If you are planning to sell your house, the buyer has the option to assume the loan at the same interest rates. This could help you sell the house faster especially if your FHA interest rates are much lower than current market prices.

Is an FHA Loan Right for Me?

After learning about the upsides and downsides of an FHA home loan, you might still be confused about whether you should apply for one or not. When do the advantages outweigh the disadvantages of an FHA loan? Is it still a good decision to pursue this type of loan?

For some people, an FHA loan could be their only option at the moment. If you fall under one or more of the following categories, getting an FHA home loan could benefit you.

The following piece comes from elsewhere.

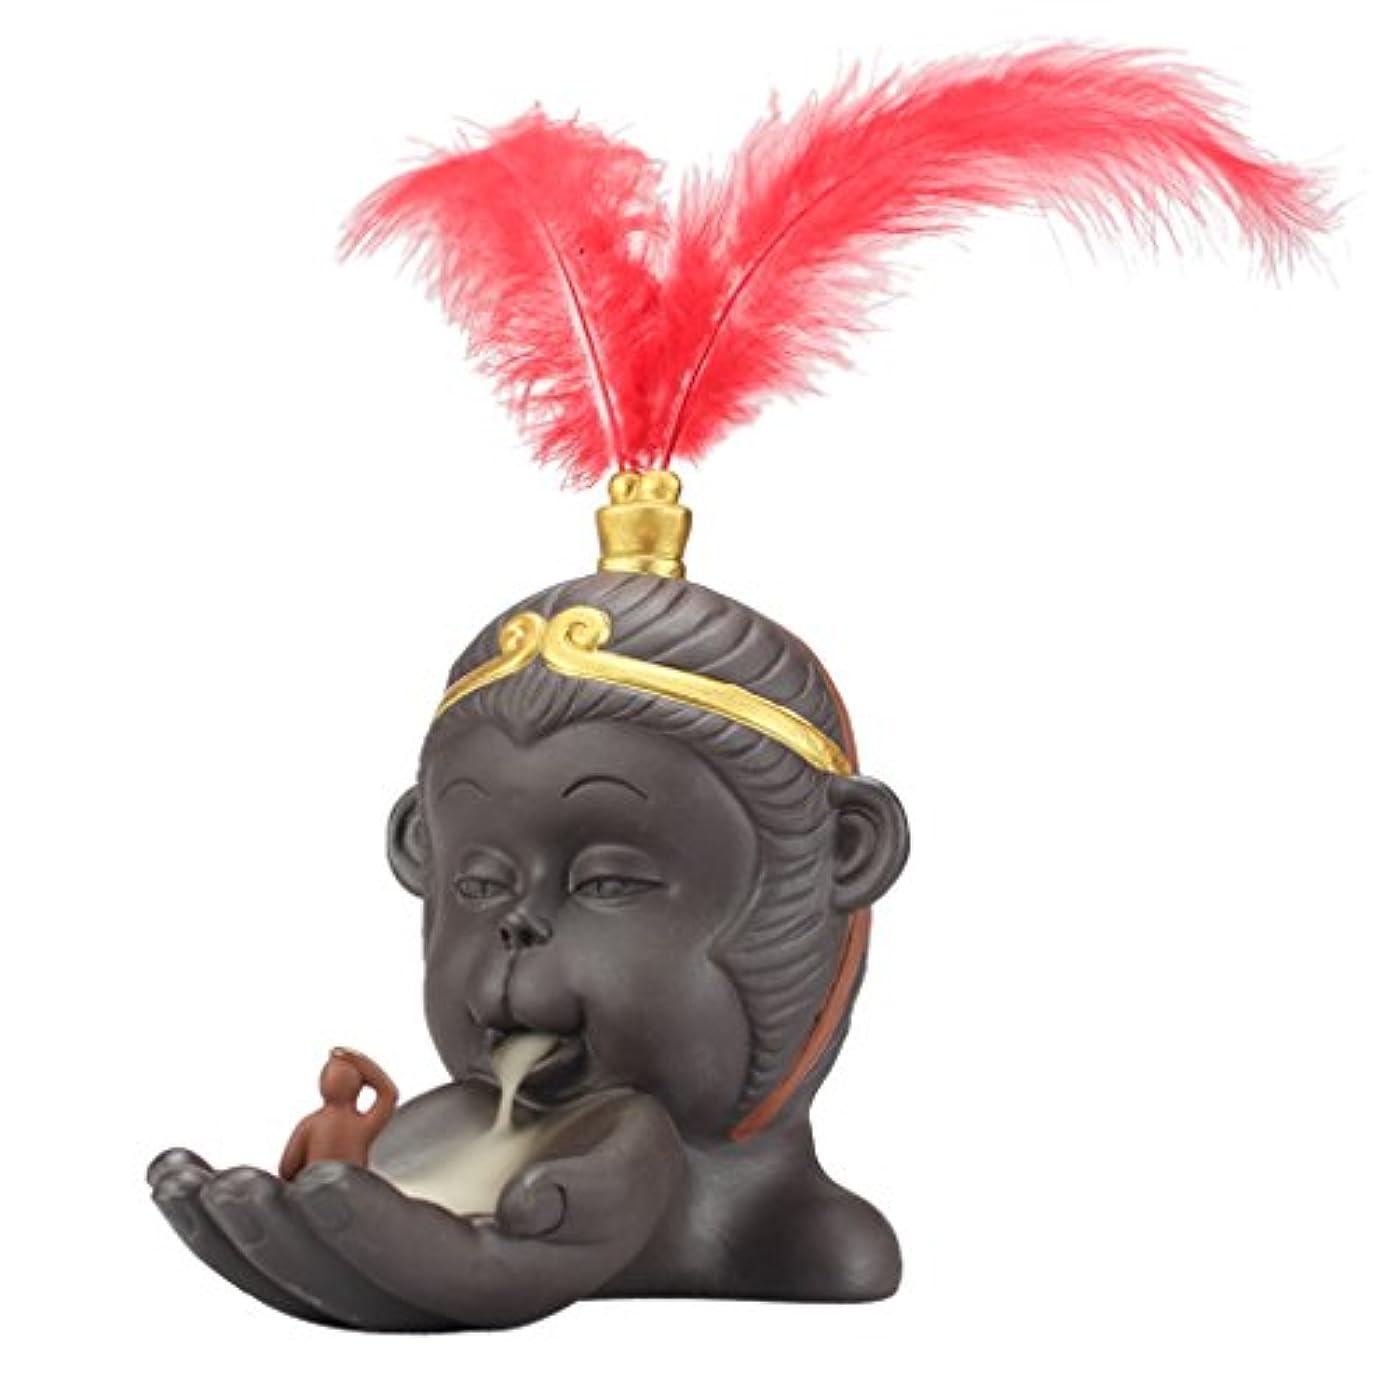 挽く激しいリスナーPerfk 仏教 香炉 バーナーホルダー 小型 逆流コーン 香バーナー 持ち運び 容易 全2色 - 赤
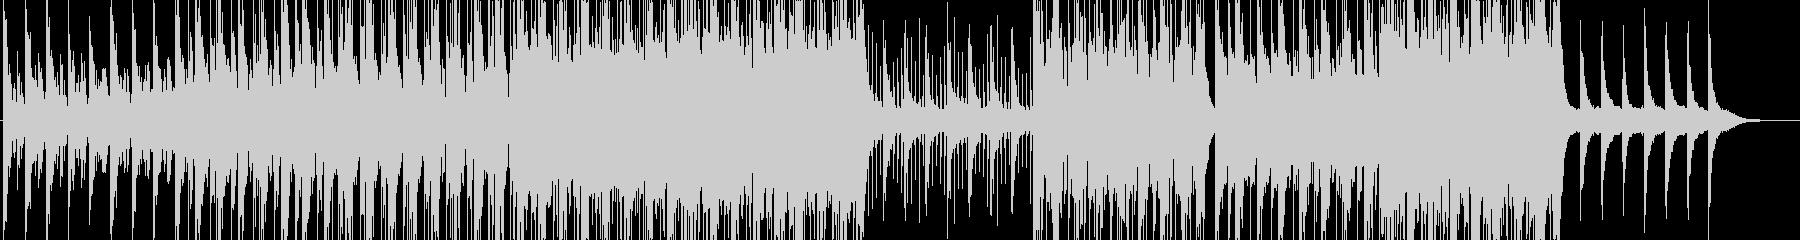 動画-PV-GoPro-SF-エレクトロの未再生の波形

  • Your conventional loan application was already disapproved.
  • Your credit score is below 600.
  • You filed for bankruptcy previously. As long as the discharge date of the bankruptcy is 2 years or more, you can apply for an FHA mortgage.
  • You can only pay a small down payment amount.
  • Your parents or family members want to gift you your home down payment.
  • There are a lot of available real estate options in the area where you are looking to buy, meaning the market is not very competitive.
  • The house you are buying costs less than $300,000.
  • You don’t mind going through the property appraisal process of the HUD.

On the other hand, if you have a decent credit score of above 620, it might be better to look for a conventional loan with more favorable interest rates. If the down payment is your concern, it might be better to wait for a few months and save up. This will allow you to avoid paying mortgage insurance premiums and also give you more muscle when bidding for a home you want.